Importantly, we observed that in patients with AF recurrence, about half of the patients (46.5%) reported (in the daily diary) the answer “bad” as a feeling compared with 24.5 % of patients without AF recurrence (p=0.012). Moreover, “bad” daily feeling resulted an independent predictor of AF recurrence. It is surprisingly that the feeling “bad” status correlated with AF recurrence rather than cardiac symptoms, including palpitation. One of the reasons could be that after catheter ablation the patients could perceive symptoms differently. In particular, the perception of palpitations can change over the time [
16]. Also, palpitation can be caused by extra beats rather than AF, which is consistent with an overall reduction in AF-related symptom burden in those patients still experiencing general health symptoms. Our 1STOP Italian experience of patient management through the patient App started and had been conducted during the COVID-19 pandemic period. In Italy, since March 2020, severe restriction rules on mobility have been imposed to all citizens, and the whole healthcare national system was under an incredibly stress. For several months during 2020 and 2021, hospitals and medical centers had been dedicated to the care of COVID-19 patients, with cancellation of every non-urgent medical and surgical activities. Consequently, there was a loss of follow-up visits for patients with chronic heart diseases [
17‐
19]. During the pandemic period, we have also witnessed the increase of AF burden, in non-infected people, as shown by the experience on patients with cardiac implantable electronic device (CIEDs) [
20,
21], and in infected people hospitalized with COVID-19 [
22]. The use of new technologies, such as telemedicine, had mitigated the lack of outpatient visits, especially in people with CIEDs [
20,
21,
23].
However, all remote technologies (including MYCRYO APP) born, enhanced, or increased to meet the needs of social distancing, continue to be appreciated and used amongst our patients. In particular, nowadays, the remote technologies have become part of the clinical routine and have been integrated with traditional follow-up. Ultimately, our experience and the results may be influenced by the COVID-19 pandemic era, but we think that the experience made during this pandemic may improve patient management through the use of unique remote devices and services. The use of MYCRYOAPP in this study has been shown to detect clinical recurrences of AF to an even significantly greater extent than the usual management without the use of the App (10.99% vs 7.36% - p=0.007), thus showing that it can make an important contribution precisely in the COVID-19 era. To our knowledge, we are not aware of other experiences using Apps during the COVID-19 pandemic period to monitor patients with heart diseases, but we consider that these technologies could be useful for this purpose of monitoring. In fact, the use of the App-based technology to collect symptoms has involved patients much more in the care of their own health and particularly in the management of their recurrences of AF, allowing a significant greater diagnostic power in regard to patients with standard follow-up.

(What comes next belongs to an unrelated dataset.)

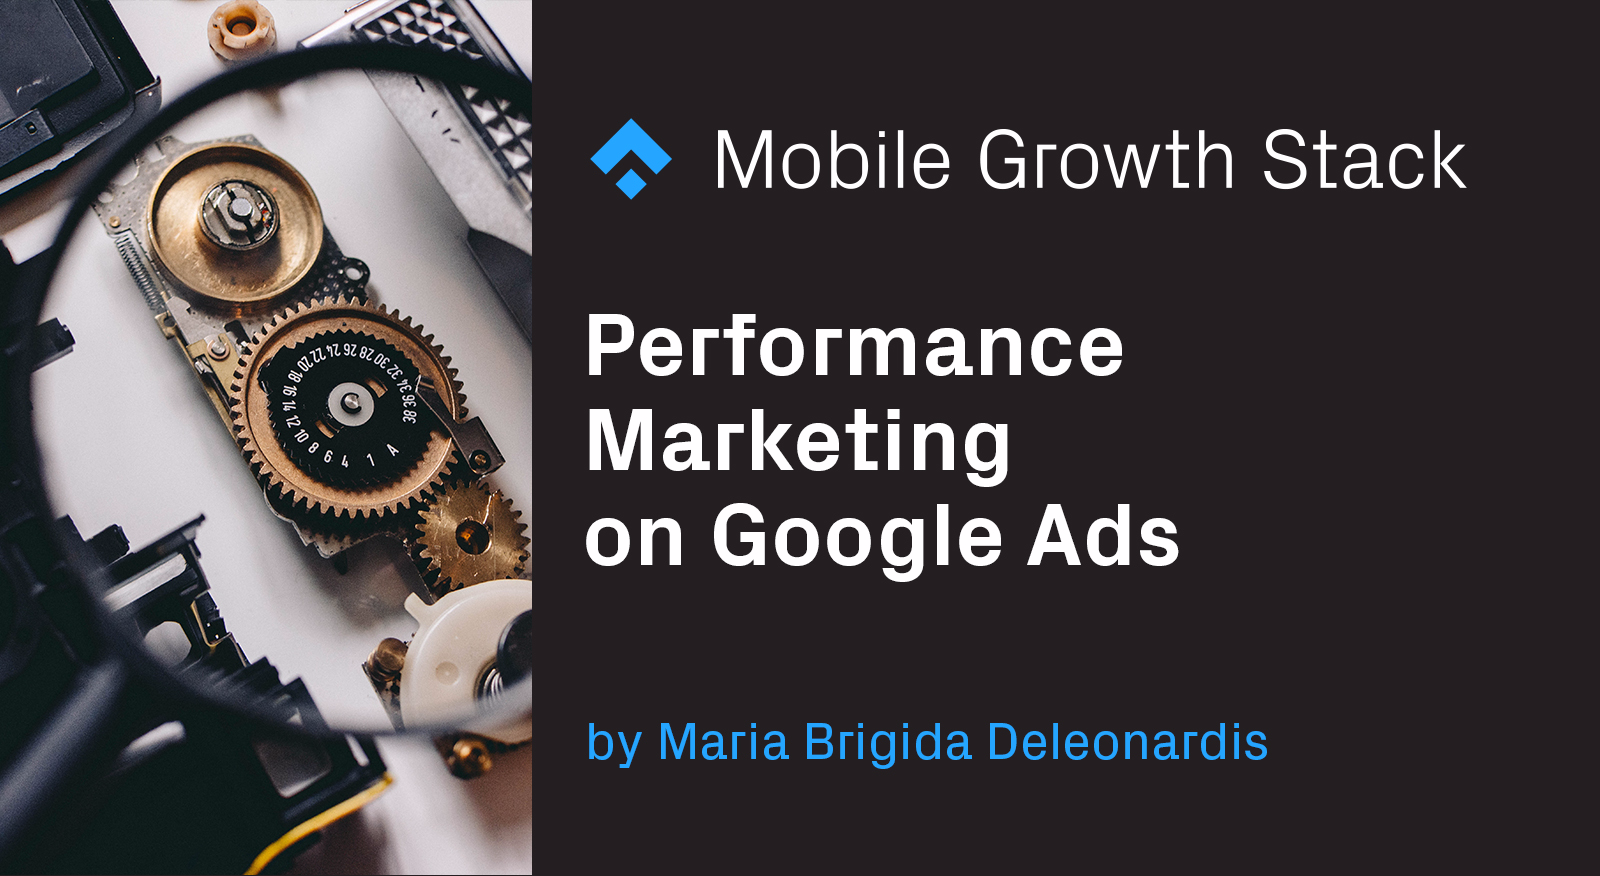 Let’s talk about Performance Marketing on Google Ads

Importantly, the bad feeling had a very high negative predictive value that could help in managing frequency and type of follow-up, especially during COVID-19 and the post-COVID pandemic time which we are currently treating. Moreover, the App-based technology could be implemented in the daily clinical practice in case of compliant patients to improve the quality of follow-ups collecting patient reported outcomes and managing the frequency of clinical examination, including ECGs, Holter monitoring, or/and drug therapies. Further randomized studies are needed to assess the impact of these new tools in the clinical practice.